From the beginning, the state’s approach to expanding gambling was misguided. Instead of using a reverse auction to attract potential operators who would offer the state the largest amount of tax revenue, we required multi-million dollar application fees, with the result that there was virtually no contestation for any of the casino licenses—they were simply awarded to the only qualifying bidder. Creating a monopsony was hardly an effective way to ensure that the state was getting a good deal in doling out casino licenses. In the case of Allegany County, when no qualified bidders were interested in the license, we realized our legislatively mandated tax rate was incorrectly set, so we changed it.

Next, we decided that our state government—which had no experience in operating casinos—would do a better job of selecting and placing slot machines in private casinos than the casino operators themselves. So we used taxpayer money to purchase or lease over 7,000 slot machines, at an average cost of over $38,000 a machine. A few years later, we realized this didn’t make any sense, and quietly decided to require casinos to obtain their own slot machines.

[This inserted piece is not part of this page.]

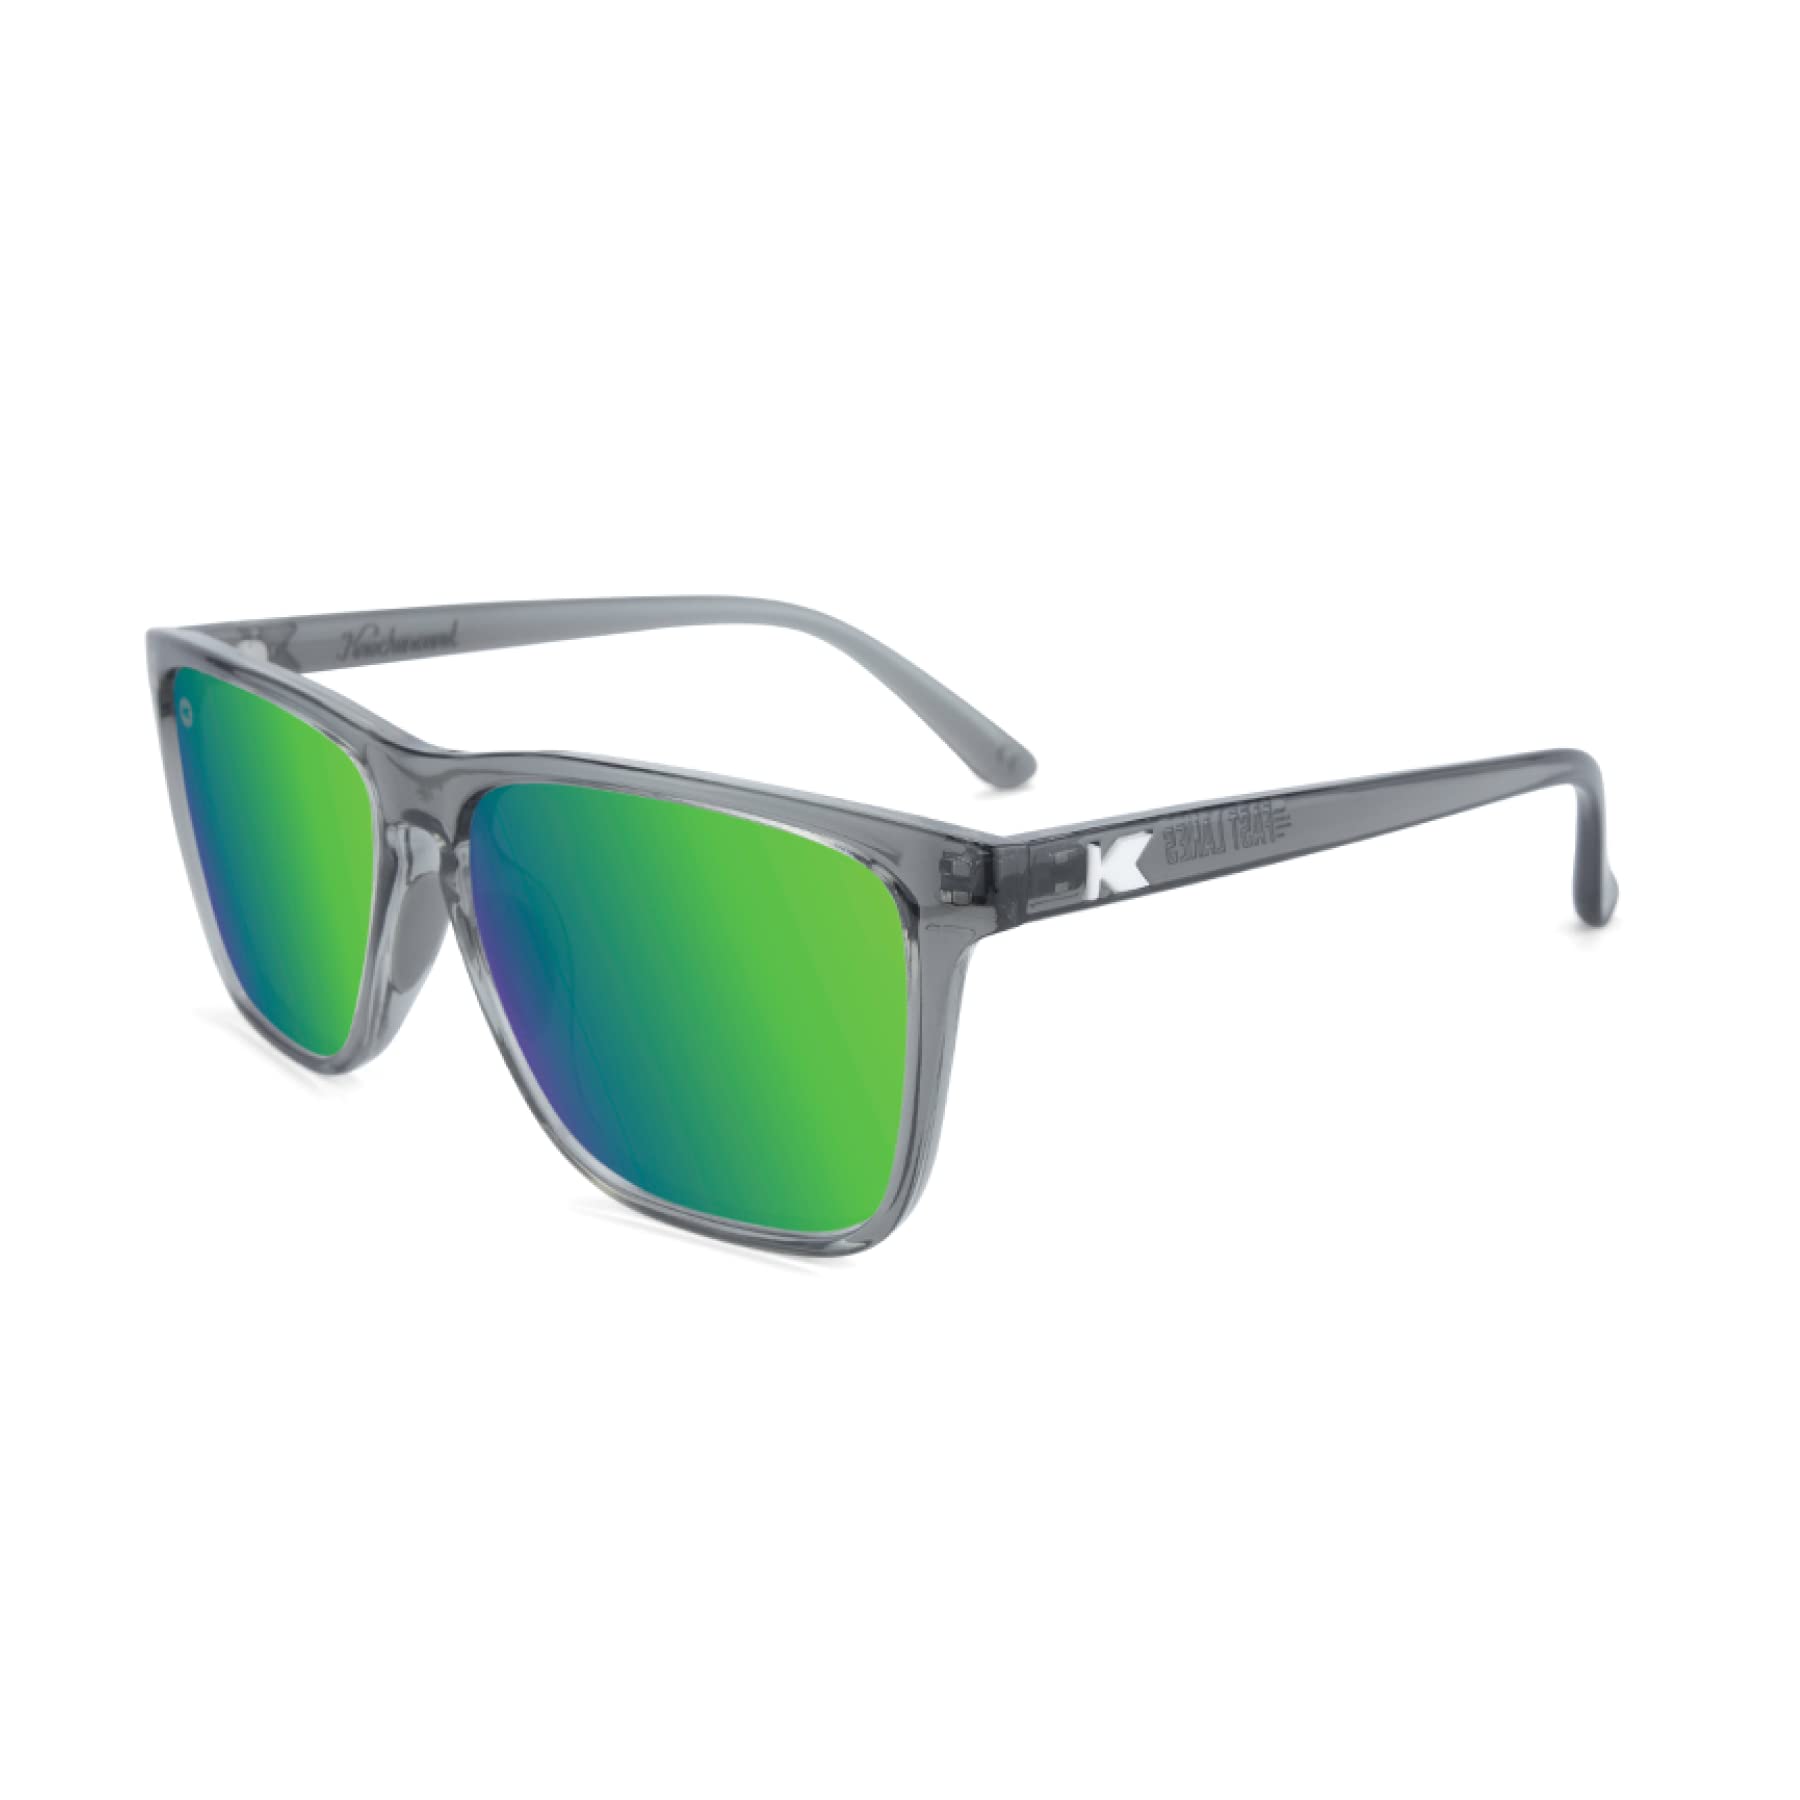 Knockaround Fast Lanes Sport - Polarized Running Sunglasses for Women & Men  - Impact Resistant Lenses & Full

The state’s 2007 estimates of the revenue to be received from slot machines (the estimates used to sell the plan to the public) ended up overstating the amount by an order of magnitude in FY 2012, and will likely do so again in FY 2013. Over the next five years, hundreds of millions of dollars in expected revenues are dedicated to subsidizing Maryland’s horse racing industry.

This year, in order to entice additional casino operators to the state, we had to reduce their tax rates once again, while at the same time increasing the income tax rate paid by Maryland citizens. Casino operators are also exempted from personal property taxes on their equipment, while every other capital-intensive business in Maryland must pay up.

Finally, perhaps all of these giveaways, sweetheart deals, and simple mismanagement could be forgiven if expanding gambling accomplished its stated goal of providing additional funding for Maryland’s schools. Sadly, as numerous commentators have indicated, there is absolutely no guarantee that gambling revenues will not simply displace general revenues for education spending. The result will likely be a level amount of spending for education, and additional general funds for new pet projects or windfall tax credits in the state.

You don’t have to take our word for it. Our colleagues over at the left-leaning Maryland Budget and Tax Policy Institute agree with us. Our two organizations rarely agree on anything; the fact that we both agree that expanded gambling, as proposed, is a bad bet for Maryland is very telling.